I'm looking to do hazard analysis but before I do that I want to clean my dataset so I have only the data from right before a "death", if you will. I'm studying countries and since countries don't "die" per say I need to basically find the point where an event occurs, coded as a '1' in an indicator column, and then generate a column that has 0s everywhere except for every time except for n-periods before my indicator column hits '1'.
For example, if my data were the first row, I would be looking to find a way to generate the second row.
number_of_years = 5
year = c(1, 2, 3, 4, 5, 6, 7, 8, 9, 10)
indicator = c(0, 0, 0, 0, 0, 1, 0, 0, 0, 0)
lag_column = c(0, 1, 1, 1, 1, 1, 0, 0, 0, 0) #I need to make this, the 5 years before the event occurs
Thank you!
CodePudding user response:
I'm sure there is a better way to do this. Having said that here is what worked for me.
-Sample data
df <- tibble(year = c(1, 2, 3, 4, 5, 6, 7, 8, 9, 10),
indicator = c(0, 0, 0, 0, 0, 1, 0, 0, 1, 0))
- Note I added an extra 1 to the data to check for what happened with overlaps.
index = grep(1, df$indicator)
lag_index <- 0
for (ii in 1:length(index)){
lag_spots <- seq(from = index[ii]-4, to = index[ii])

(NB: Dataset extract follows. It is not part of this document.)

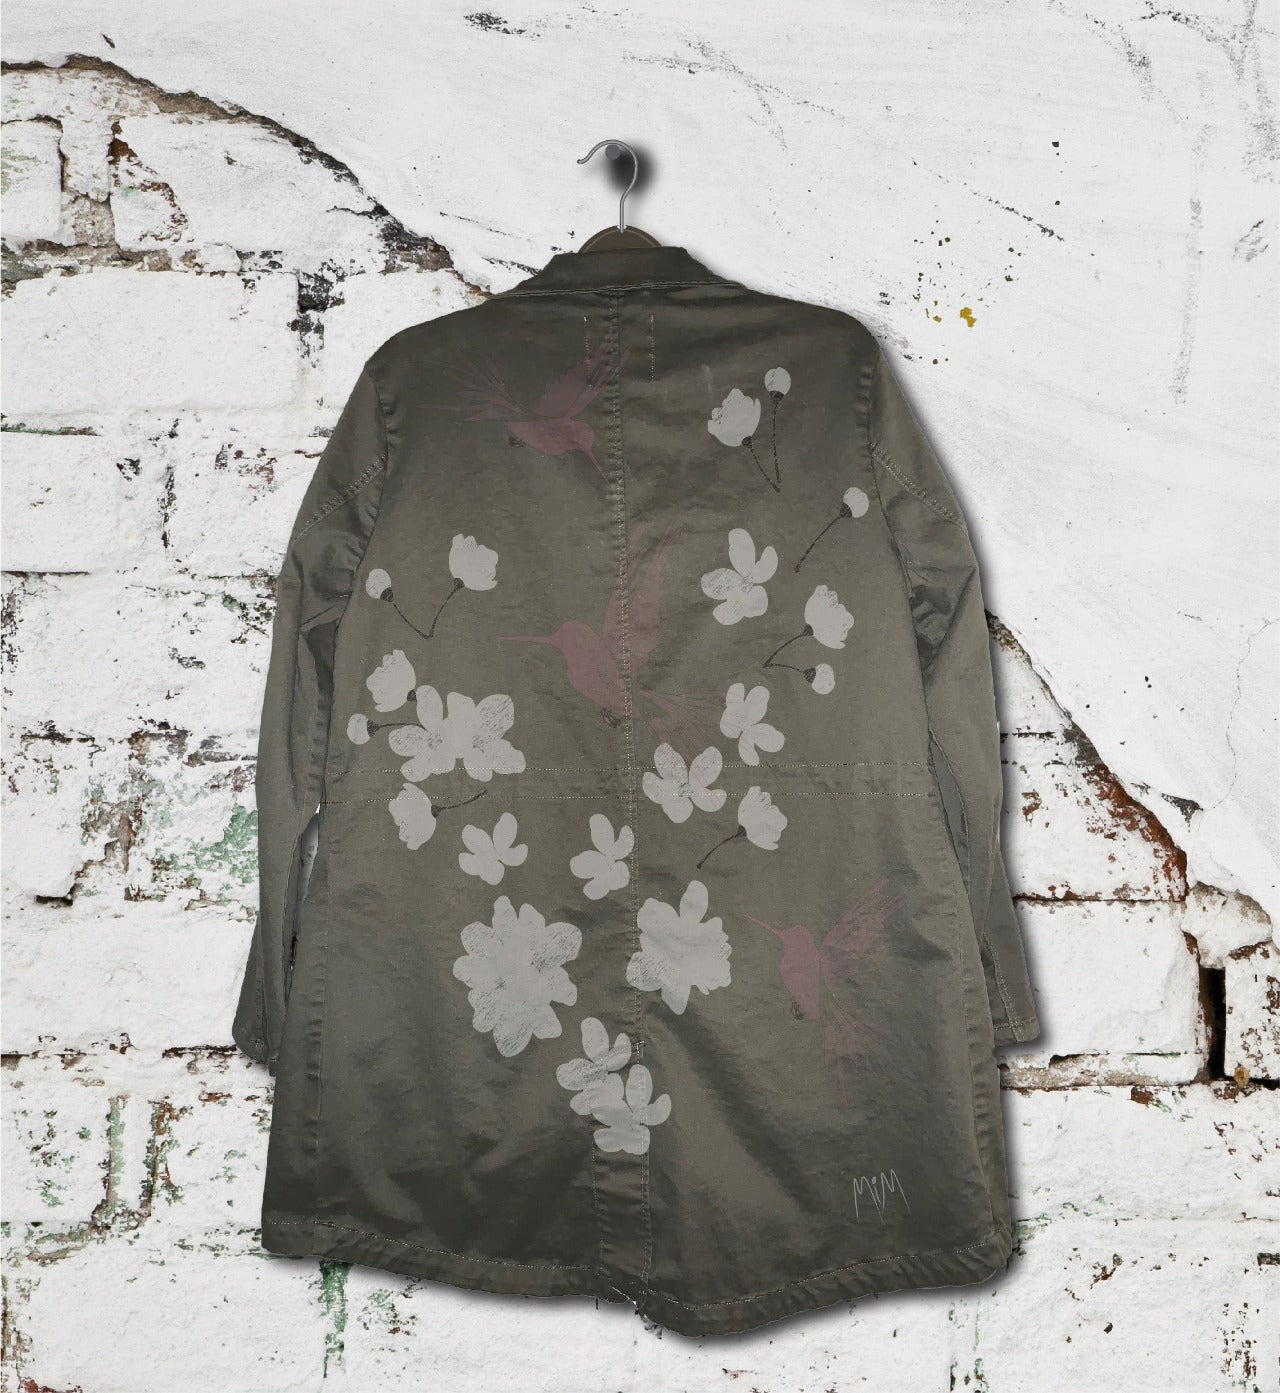 Soft Cherry Blossoms and Hummingbirds - Hand-Painted Bush Jacket

lag_index <- append(lag_index, lag_spots)
}
lag_index <- unique(lag_index)
lag_column = rep(0, times = nrow(df))
df$lag_column <- lag_column
df$lag_column[lag_index] <- 1
Output
> df
# A tibble: 10 x 3
year indicator lag_column
<dbl> <dbl> <dbl>
1 1 0 0
2 2 0 1
3 3 0 1
4 4 0 1
5 5 0 1
6 6 1 1
7 7 0 1
8 8 0 1
9 9 1 1
10 10 0 0